Now, as London prepares to receive visitors from across the globe for the 2012 Olympics, RSPB Cliffe Pools is welcoming back this avian athlete of Olympic proportions. The nature reserve is an important home to wintering wildfowl and waders but also a summer breeding ground for migratory birds such as Common Tern.


This sleek seabird has nested on the islands created by the flooding of the old cement works since they closed in 1970. Roger said: “Common Terns spend their winter off the west coast of Africa; indeed, most of their life is spent at sea, so the chances of recapturing a ringed tern is always slight. But in the 1980s ringing still presented the best opportunity for us to learn where these birds migrate to. We now know that Common Terns return each year to the colony where they hatched, and for Cliffe Pools that means an annual round trip of about 10,000 miles.”


The average lifespan of Common Tern is 12 years so they rack-up a lot of sea miles, assisted by the trade winds and their ability to replace worn-out flight feathers twice in a year. In December 2011, a fisherman from Guinea Bissau, on the west coast of Africa, found a tern on his decks with an injured leg. The fisherman attended to the bird and returned it to the ocean in good health, but not before noting the details of a ring on its 'good' leg. From this information, just received by the British Trust for Ornithology (BTO), we know that this tern was one of those chicks ringed by Cliff and Roger 25 years ago.
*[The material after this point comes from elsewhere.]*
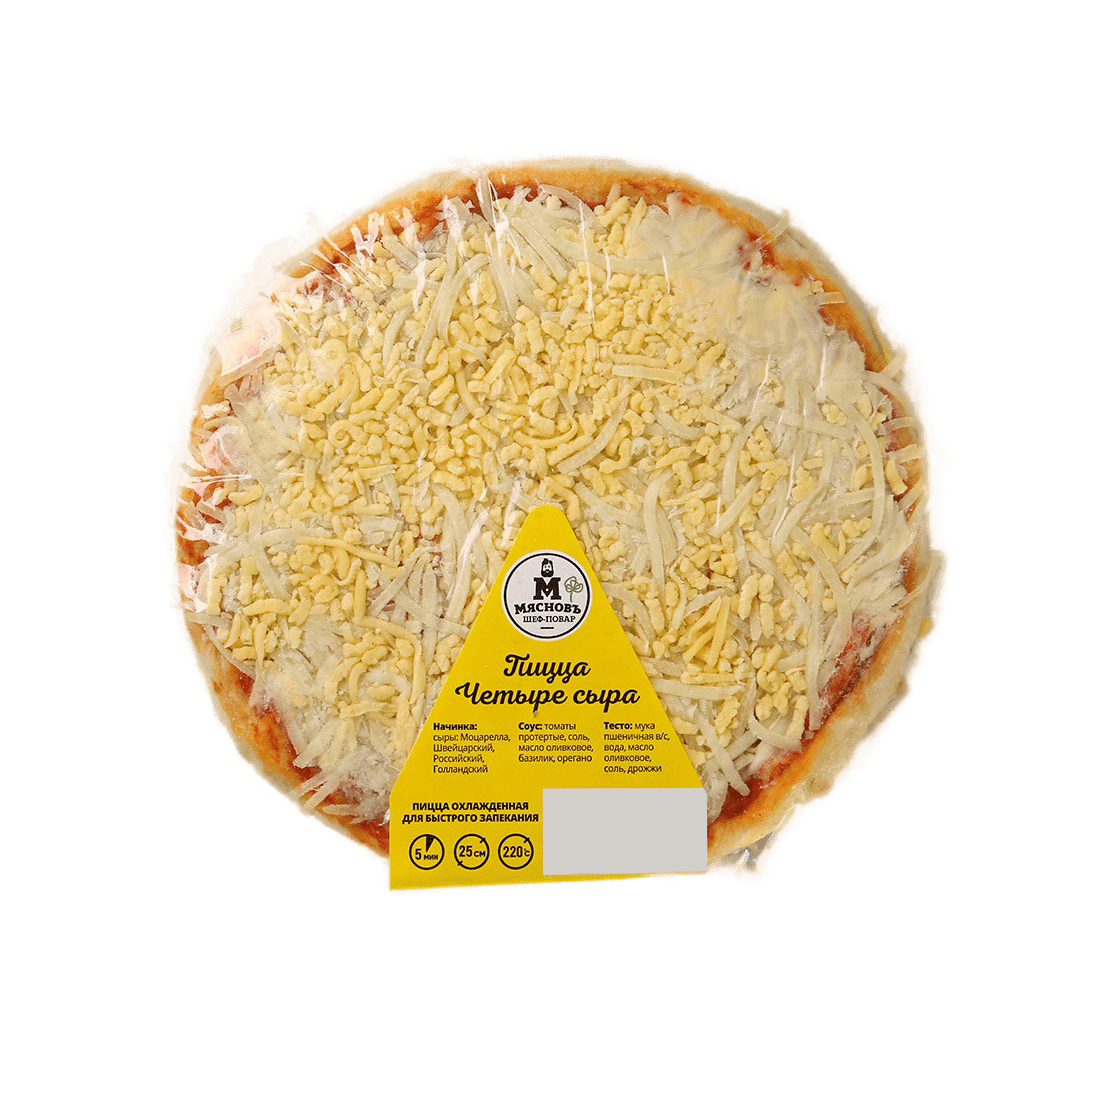 Пицца МясновЪ ШЕФ-ПОВАР Четыре сыра для запекания 25 см 330 г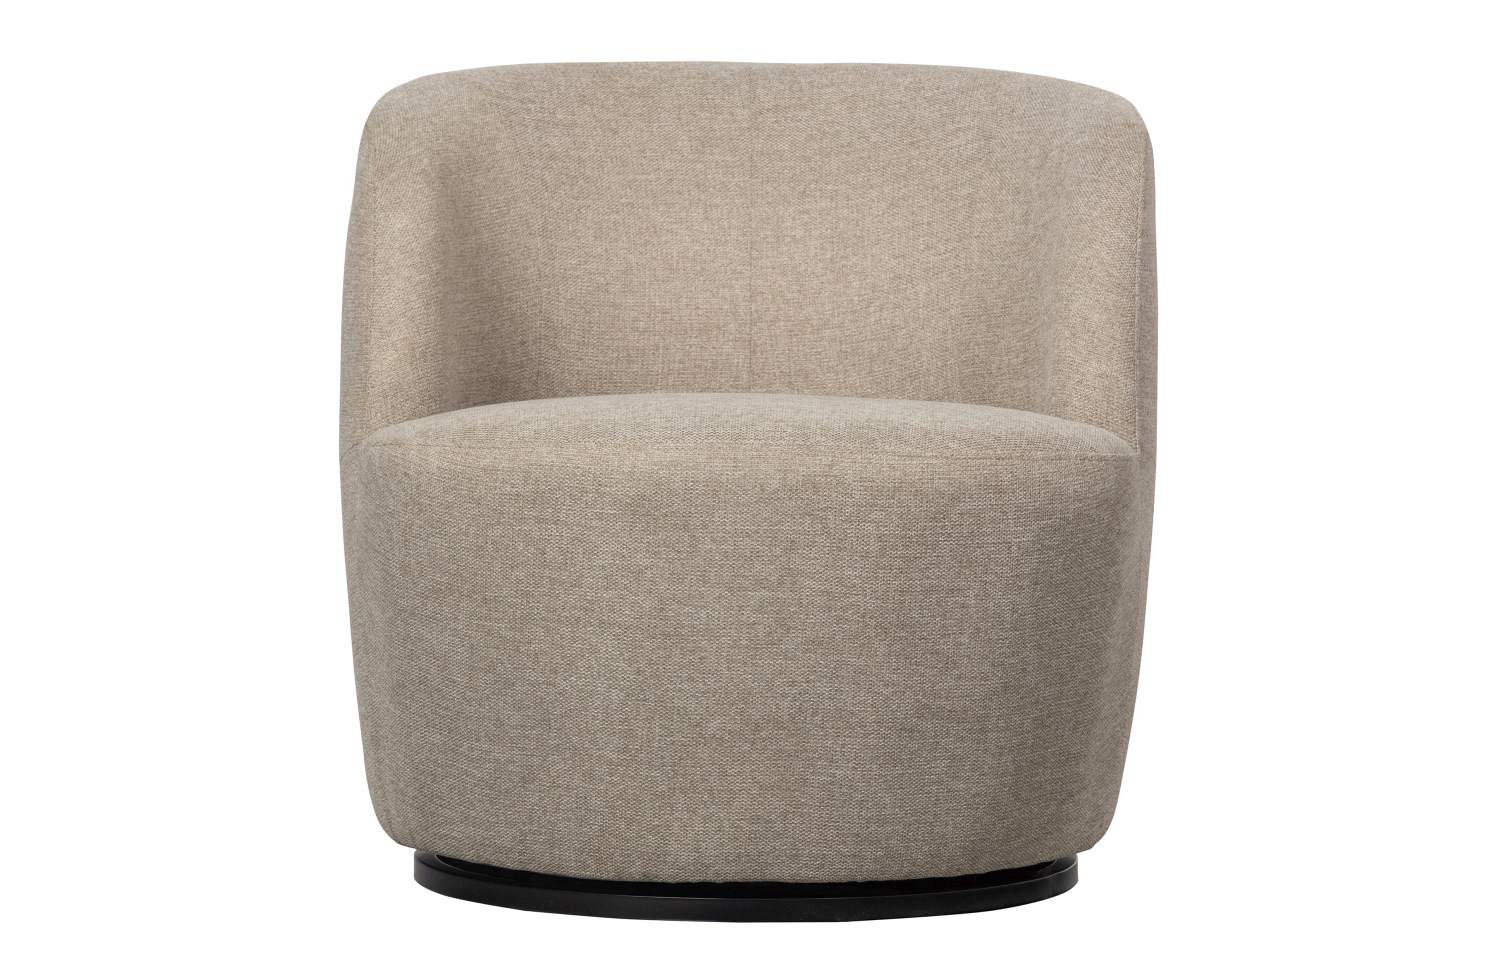 Der Drehsessel Serra überzeugt mit seinem modernen Design. Gefertigt wurde er aus Webstoff, welcher einen Sand Farbton besitzt. Das Gestell ist aus Metall und  hat eine schwarze Farbe. Die Sitzhöhe des Sessels beträgt 42 cm.

Roger has since retired, but continues to ring birds for the BTO. In the tern’s lifetime the Olympics have been to Barcelona, Atlanta, Sydney, Athens and Beijing, and with a little more luck it is now wheeling around the Thames Estuary looking down onto the London Olympics. In its own feat of Olympic proportions, this little bird (equal in weight to a tin of sardines and with a wingspan of just one human arm’s length) has flown the same distance as the Earth is from the Moon.


Roger concluded: “This has to be one of the highlights of my 40 years bird ringing experience, it is truly remarkable.”